# DATA SEGMENT:
***
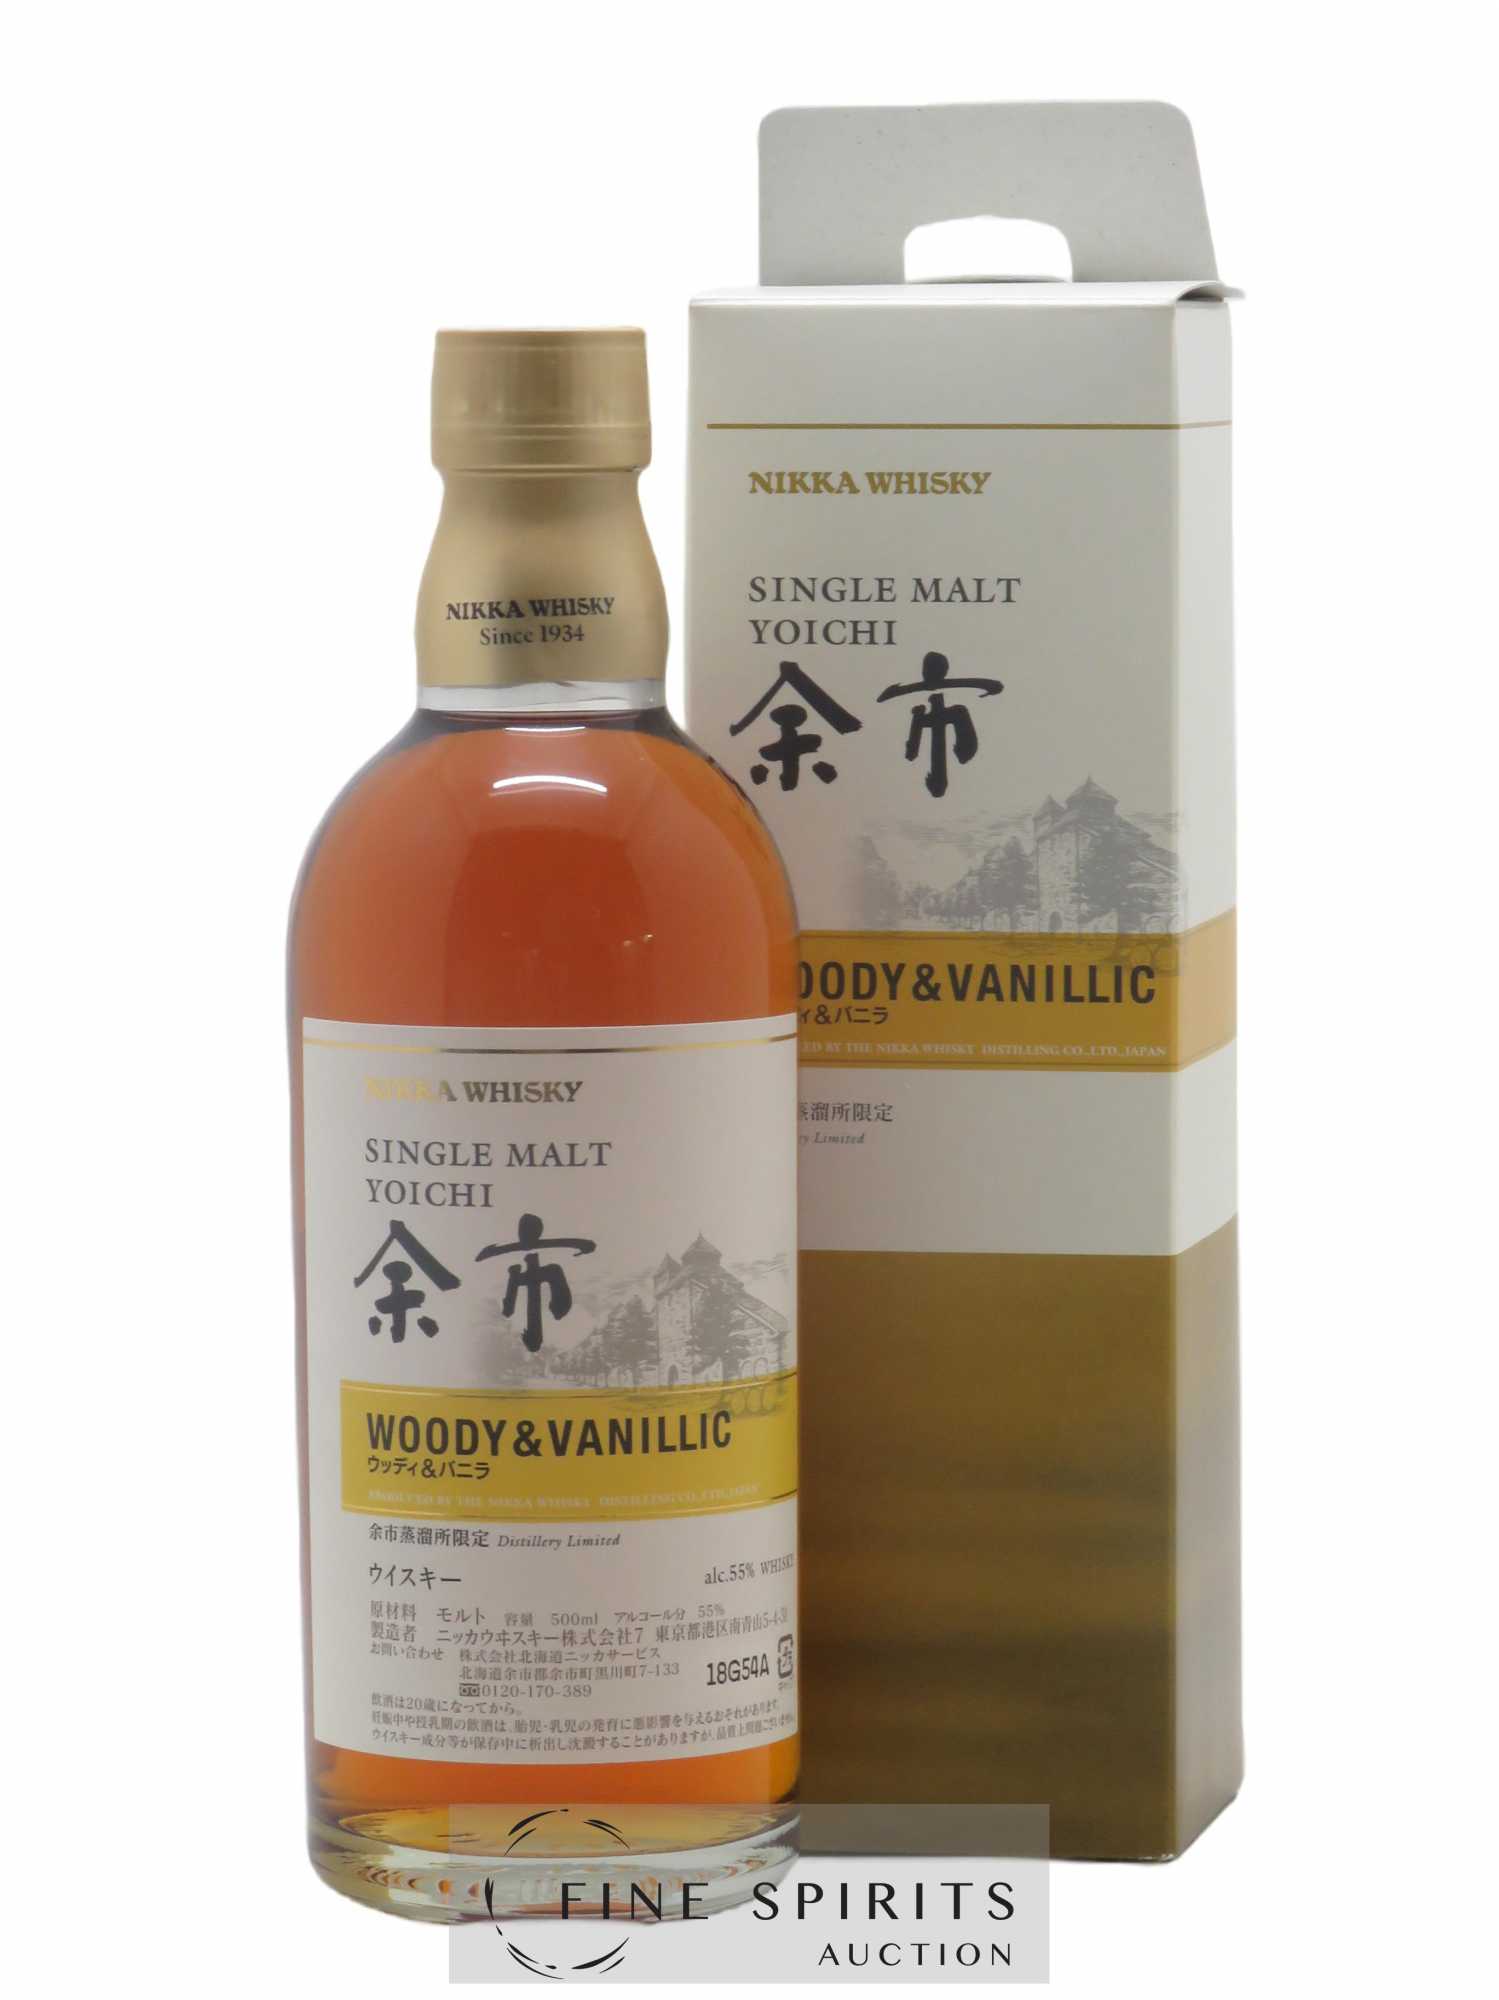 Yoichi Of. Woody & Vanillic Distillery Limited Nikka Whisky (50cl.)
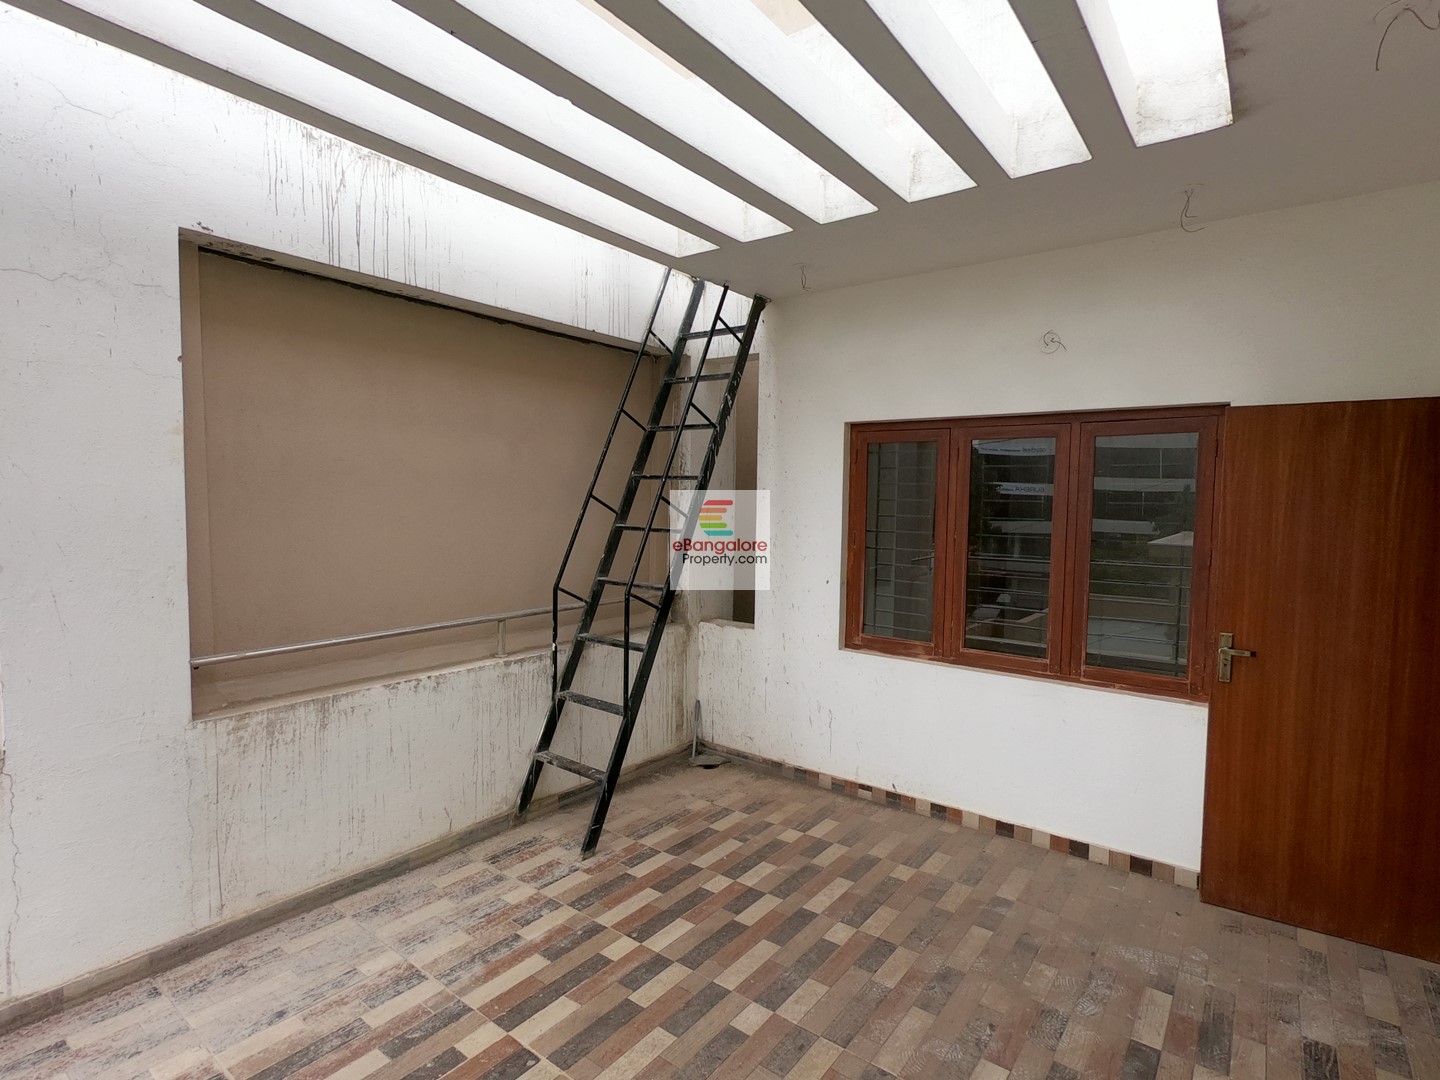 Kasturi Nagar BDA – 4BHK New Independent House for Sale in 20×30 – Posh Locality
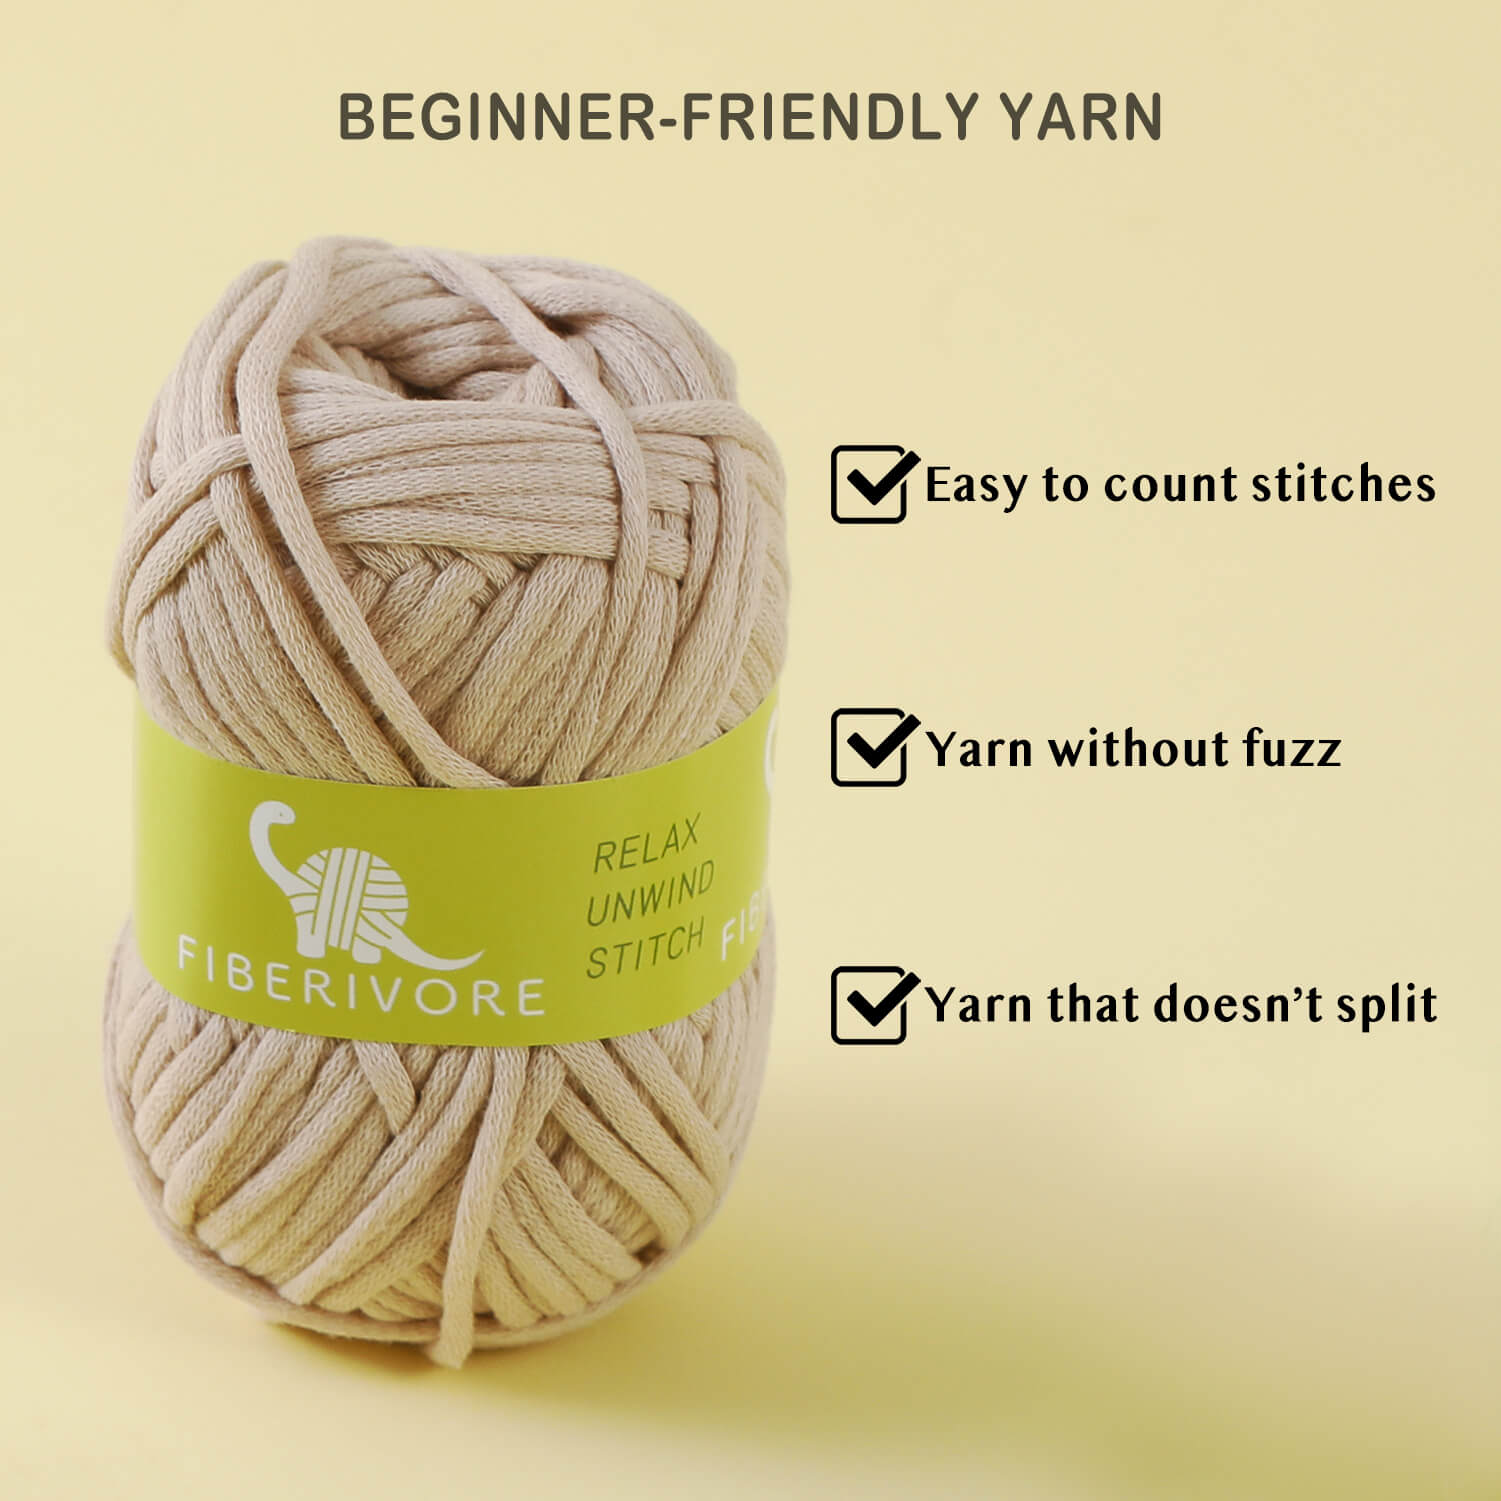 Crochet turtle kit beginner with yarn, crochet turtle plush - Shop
***
# EXERCISE GOAL:
Each line of the material is to be output exactly. Images are not part of the expected output.

# RESULT BELOW:
 Yoichi Of. Woody & Vanillic Distillery Limited Nikka Whisky (50cl.)
 Kasturi Nagar BDA – 4BHK New Independent House for Sale in 20×30 – Posh Locality
 Crochet turtle kit beginner with yarn, crochet turtle plush - Shop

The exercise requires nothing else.